On Jul 8, 2013, at 3:33 PM, Peter Cock wrote:
On Mon, Jul 8, 2013 at 11:21 PM, Robert Baertsch <rbaertsc@ucsc.edu> wrote:
I respectfully disagree, If you want an extensible system, you should always wrap primitive system level calls.
Any tools that opens a file that could be compressed would be affected. That is a huge number of tools. Do you really want a cottage industry of tools that have different methods of dealing with compression?
But defining a Python helper function within the Galaxy Python libraries doesn't achieve that.
Are you talking about patching the OS level POSIX open functions or something?
The tools available in Galaxy are written in a range of languages including C, Perl, R, etc. Yes, some are in Python, but of those most are independent of Galaxy and can be used separately from Galaxy.
no. the helper function would have to ported to R. We are talking about how galaxy compressed data. Once we decide that, we can determine how to best implement it. Proposal: Do not treat compressed data as a separate data type. Treat it as an independent attribute that can be applied to any data. Otherwise you will have to create a gzipped , zip and bz2 type for every type that you want to compress. people can use the python helpers or write their own in other languages, We need a galaxy_open function to hide details of compression from tool developers. We could also open http files or pipes without any changes to tools. (other than changing open() to galaxy_open()

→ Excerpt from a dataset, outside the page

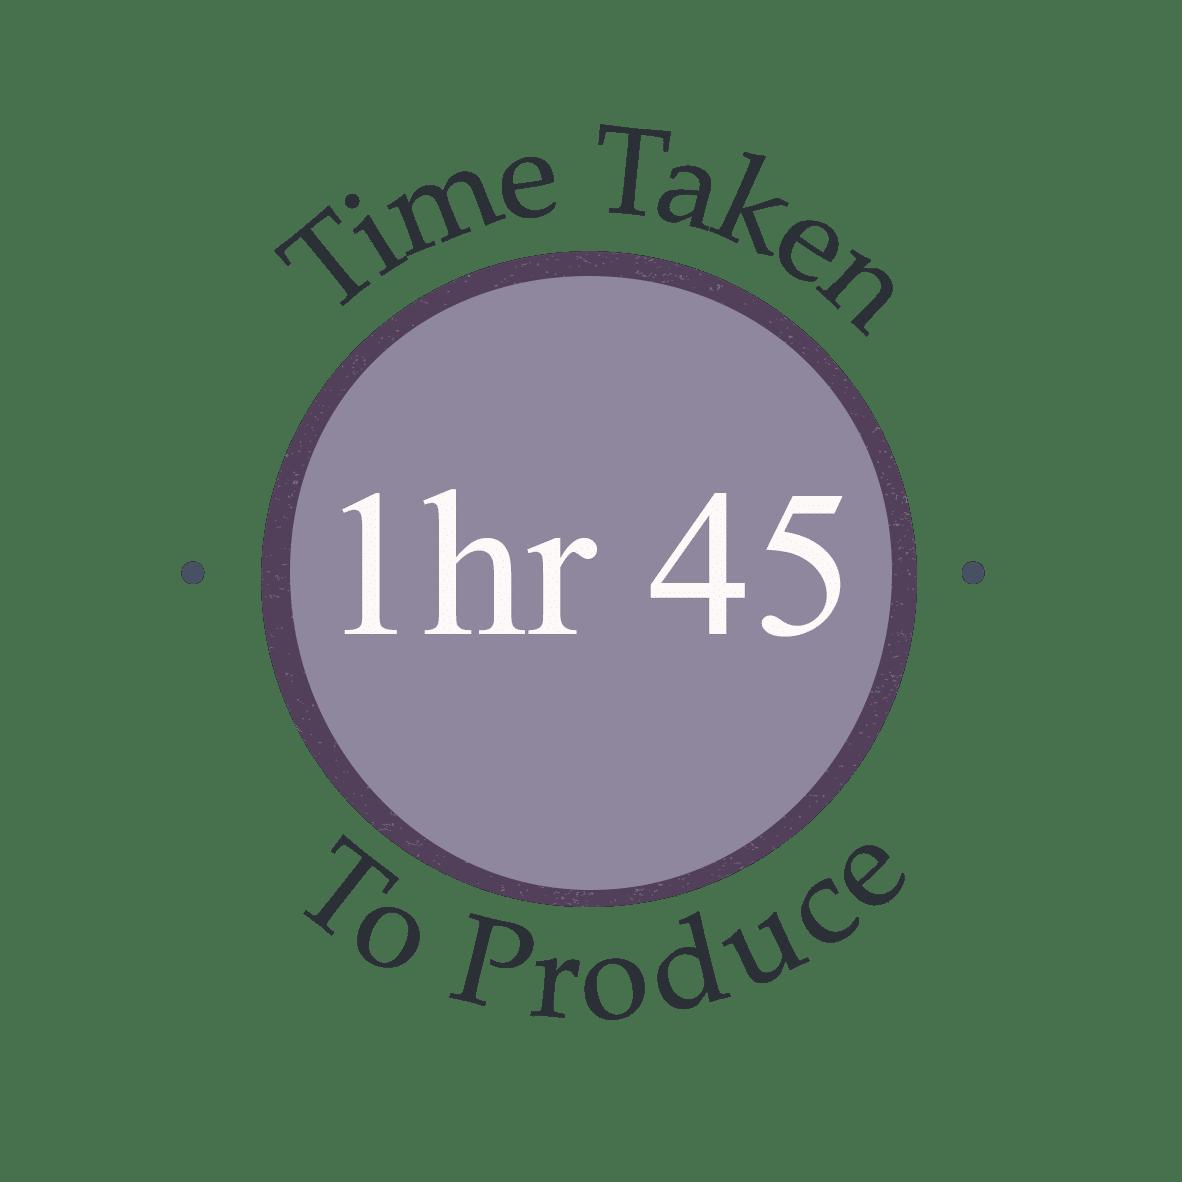 1 hour 45 minutes to make recipe

Encoding the gzip status in the datatype will create an explosion of datatypes. Compression is not actually a datatype, it tells you nothing about the content data that is stored in the file.
What we'd previously discussed was a dual system, holding the file type as now (e.g. FASTA, SAM, GFF3, etc) and any compression (e.g., None, normal GZIP, BGZF which is a GZIP variant, BZIP2, etc).
What about tabular. Should we create tab.gz, tab.bz2 and tab.zip also? This will quickly get out of hand and create a mess for tool developers that need to support all thees types. The tool code and tool xml should be written to handle uncompressed data and galaxy should handle the details of decompression. This is not hard to do.
Galaxy tool wrappers currently define input files with a list of file types - they'd also have to give a list of supported compression types (defaulting to none). Likewise for any output files - if they are already compressed the XML for the tool wrapper would have to tell Galaxy this.
It is up to the galaxy team to provide a standard way to interact with compressed files.
That is my preference too - although this could be driven by the Galaxy community rather than the core team? I see defining new datatypes like 'gzippedfastq' as a stop gap special case (but a very practical route for now).
My proposed solution, is a very small change that could be phased in over time. Any tools that uses open would not support compressed files, but they would not break on uncompressed files.
Do others have an opinion?
Either I don't understand your plan, or it would only help in a tiny minority of cases.
Regards,
Peter